Tax bills attract lobbyists like honey draws bears. Every special interest needs favored treatment. In this regard, the 1986 Tax Reform Act is just like the other tax bills that Congress has passed in the past 30 years. It is filled with loopholes. Because it promised to restore fairness to tax policy, the failure of the 1986 act to deliver the goods brings added pain.

It is expected that Internal Revenue Service agents are receiving two to three days’ training to assist them in deciphering the extremely complex changes in the new law. This training clearly is inadequate to provide anything like an in-depth understanding of the law. Thus, expect a multitude of time-consuming disputes between IRS agents and taxpayers regarding what income should be declared and how, and what deductions should be allowed and when.

Many experts are saying that the courts, not the IRS or the Congress, will provide most of the fundamental interpretations of the 1986 act. This means that tens of millions of dollars of legal fees will be spent to clarify language in the law that was carelessly drafted.

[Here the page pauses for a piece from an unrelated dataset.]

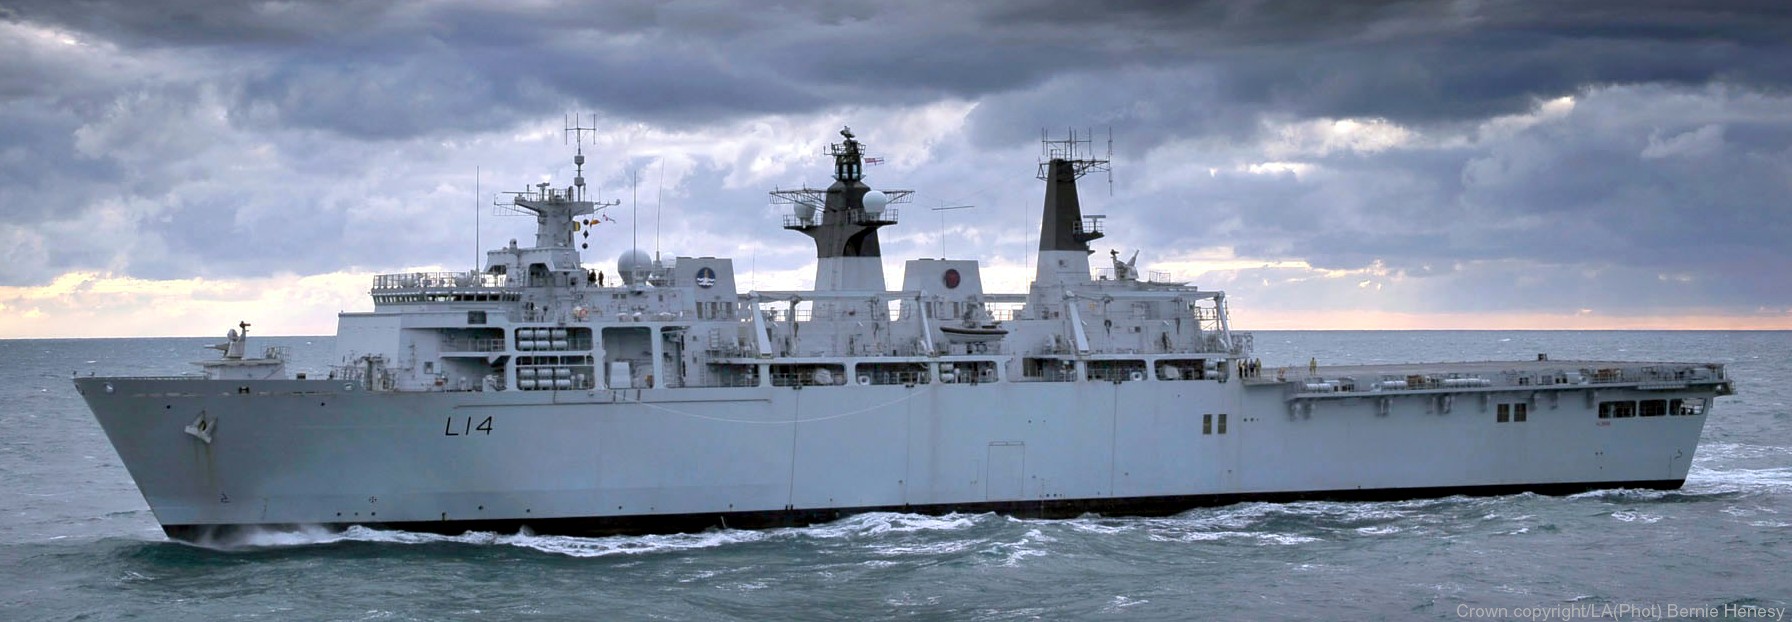 hms albion l-14 amphibious transport dock landing platform ship lpd royal navy 10

The new complexity of the code is illustrated by the mortgage interest deduction that is still allowed. Ten million taxpayers will be required to fill out a special form to qualify for the deduction. The new Form 8598 is two pages long, with 16 line items of requested information. Accompanying the form are four pages of detailed instructions. The IRS assumes that it will take taxpayers a total of 14.3 million hours to fill out this form.

Compare this exhausting process to the rules that applied to the mortgage interest deduction previously. The financial institution holding the mortgage sent the taxpayer a notification of deductible interest paid during the year. It took no more than 10 seconds for a taxpayer to transfer the interest figure on the bank notification form to the appropriate entry on the tax return. There were no IRS instructions required and very little thinking on the part of the taxpayer.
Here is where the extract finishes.